Brief → Any image in the records is to be dropped, and everything else duplicated precisely.
(Extracted records begins)
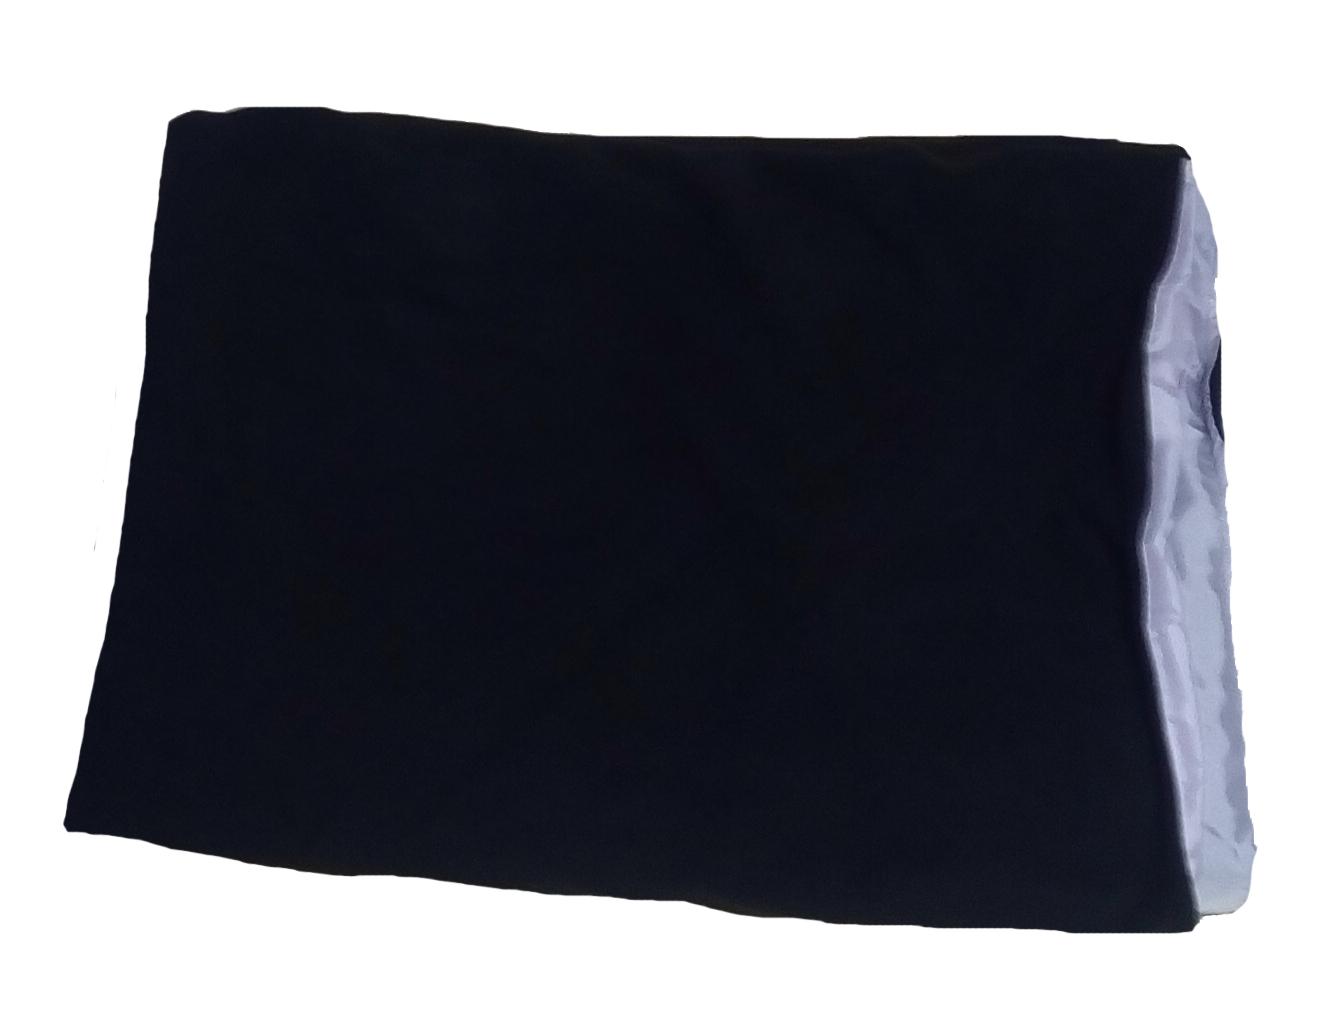 ผ้าห่ม ผ้าสองด้าน โพล่าฟลีซและไนลอน ขนาด 1.8x1.5เมตร
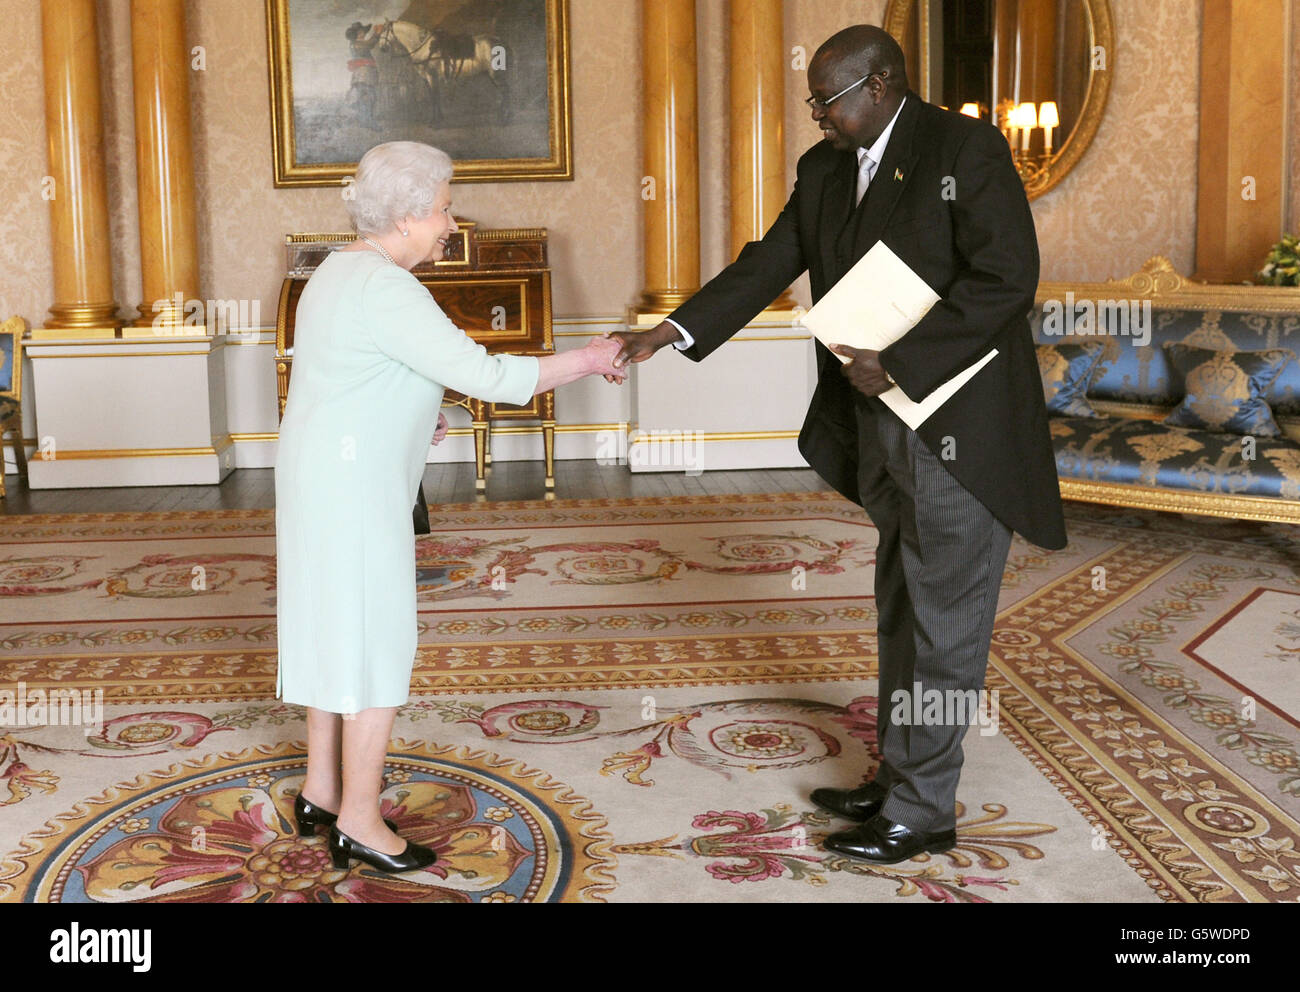 Seine Exzellenz Sabit Abbe Alley wird heute von der Königin Elizabeth II. Im Buckingham Palace in London empfangen, wo er ihr sein Beglaubigungsschreiben als Botschafter der Republik Südsudan beim Gericht von St. James's überreichte. Stockfoto
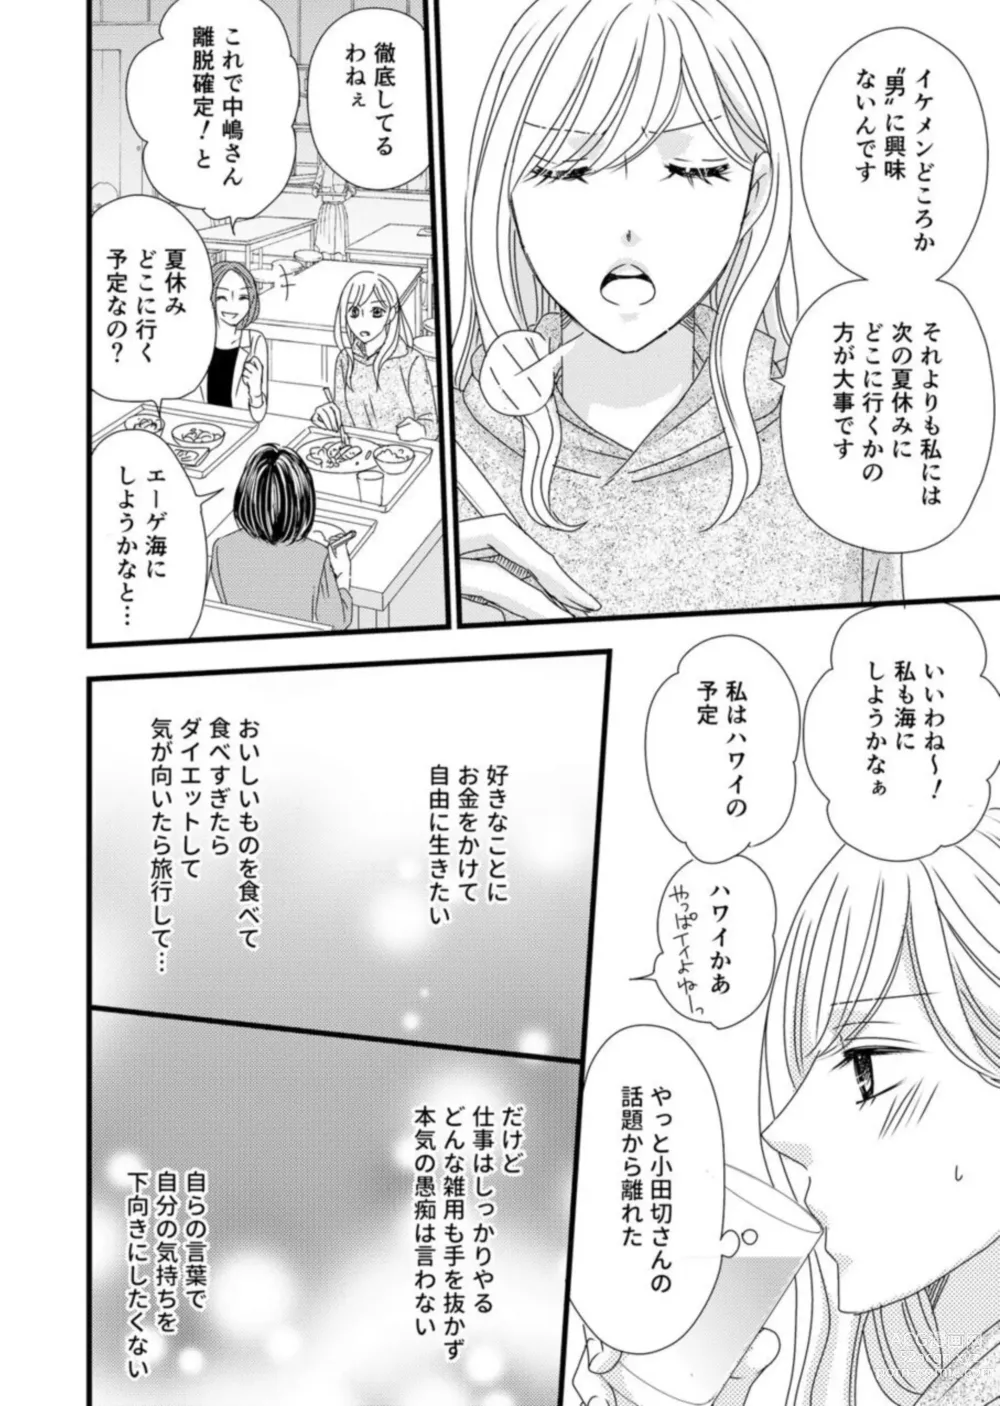 Page 18 of manga Takane no koi wa Mendokusai 1
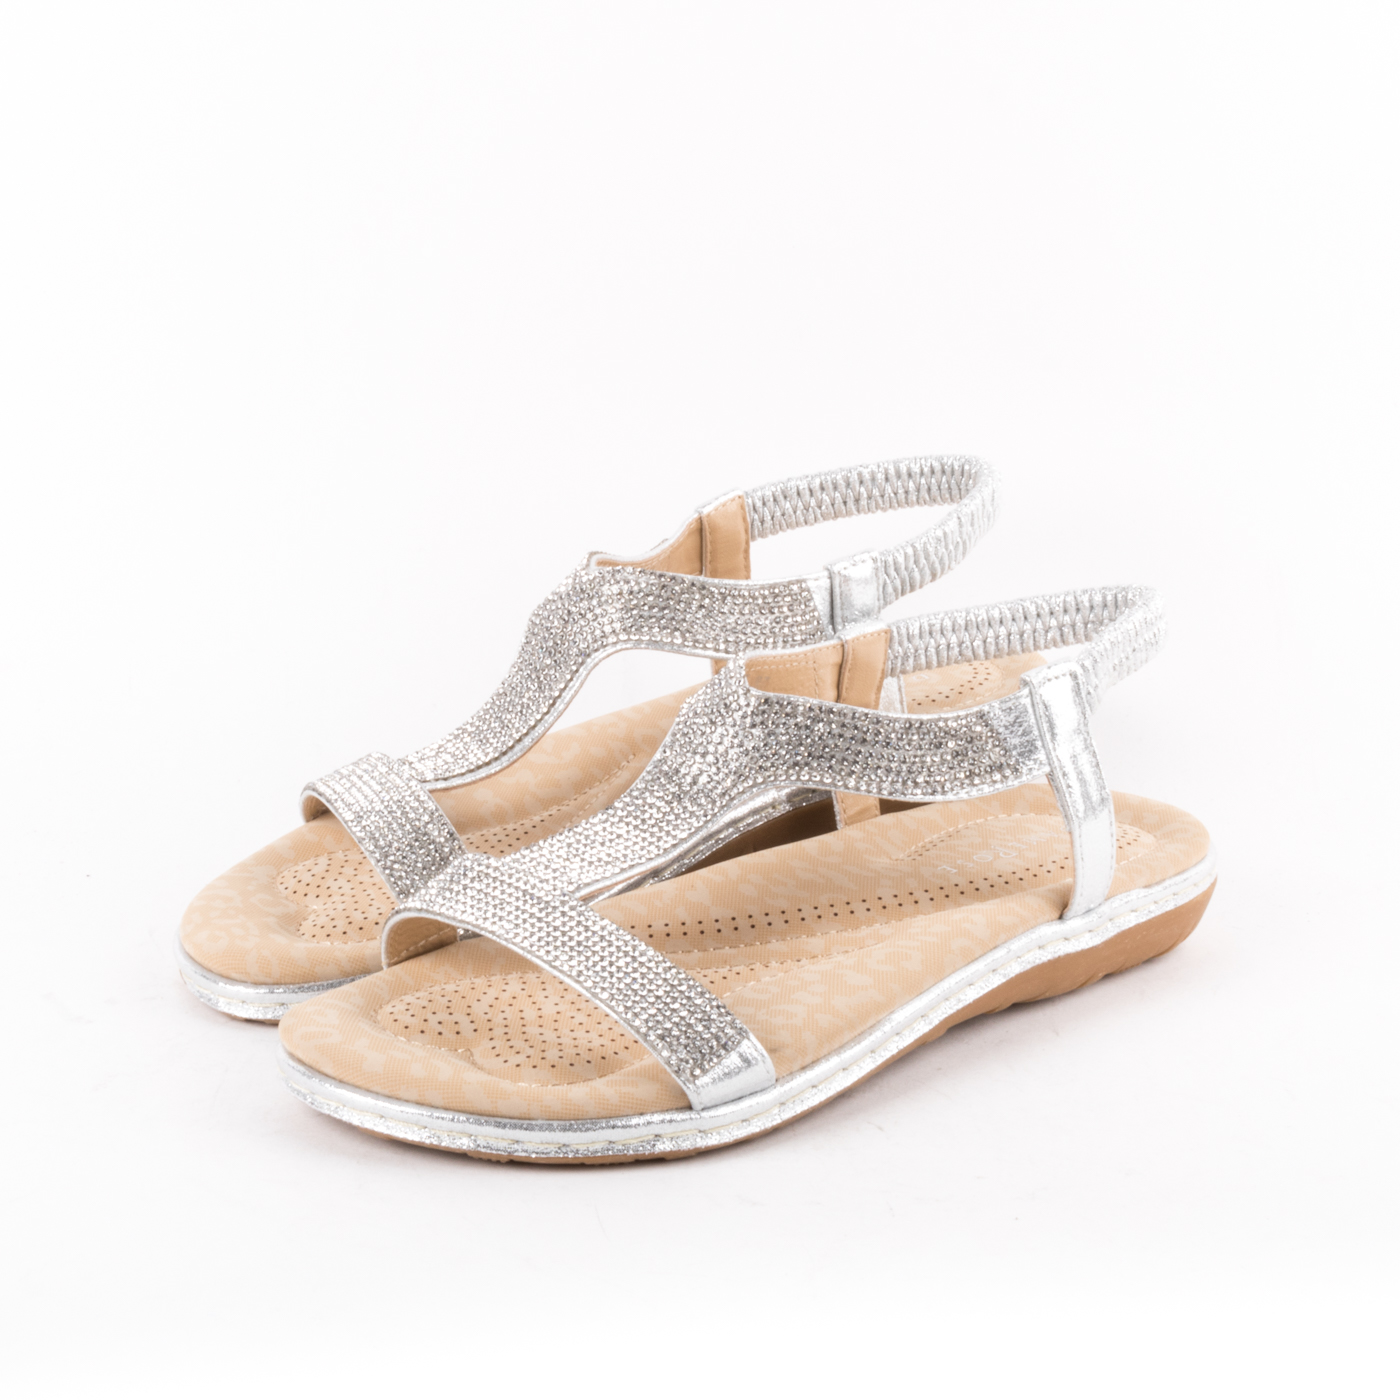 Damerose - Sandali con brillantini e cinturino elastico sul tallone –  Argento, Nero - MitShopping - Abbigliamento e scarpe
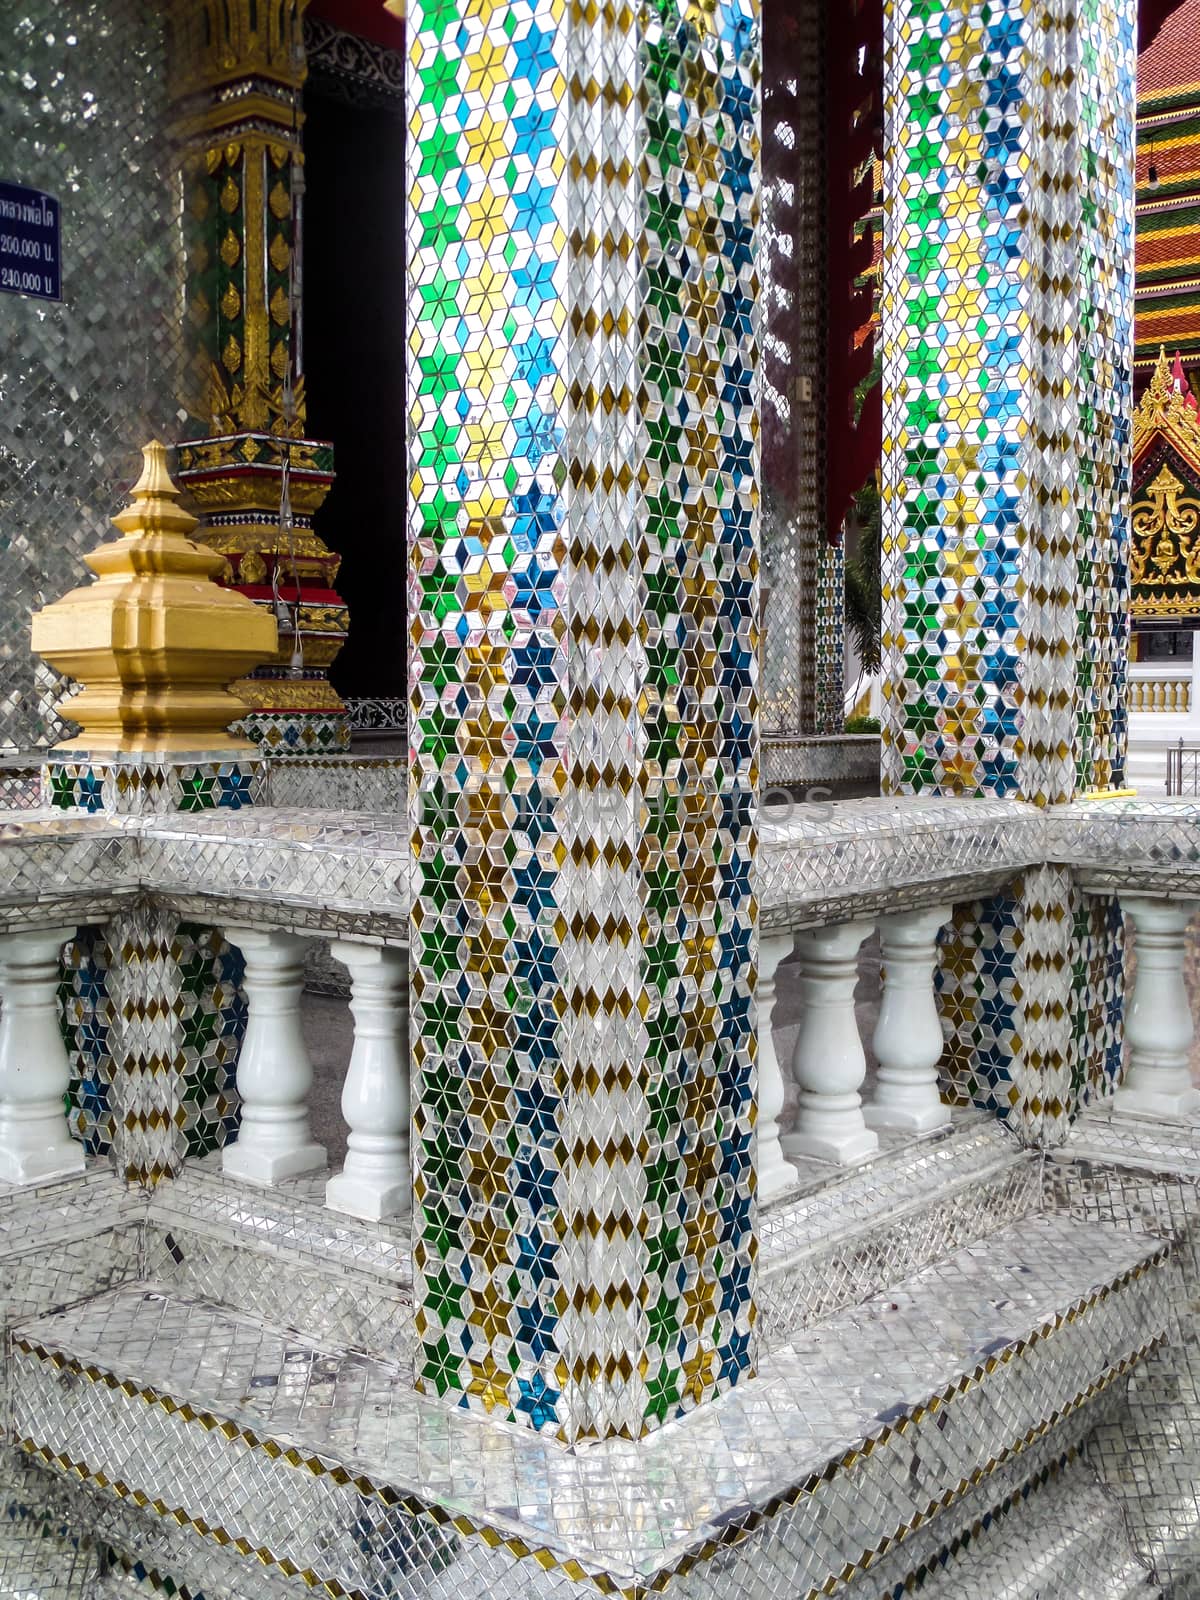 Thai Cathedral glass at Wat Prachum Kongka Banglamung Chonburi
(Extracted records ends)
Response below →
 ผ้าห่ม ผ้าสองด้าน โพล่าฟลีซและไนลอน ขนาด 1.8x1.5เมตร
 Seine Exzellenz Sabit Abbe Alley wird heute von der Königin Elizabeth II. Im Buckingham Palace in London empfangen, wo er ihr sein Beglaubigungsschreiben als Botschafter der Republik Südsudan beim Gericht von St. James's überreichte. Stockfoto
 Page 18 of manga Takane no koi wa Mendokusai 1
 Damerose - Sandali con brillantini e cinturino elastico sul tallone –  Argento, Nero - MitShopping - Abbigliamento e scarpe
 Thai Cathedral glass at Wat Prachum Kongka Banglamung Chonburi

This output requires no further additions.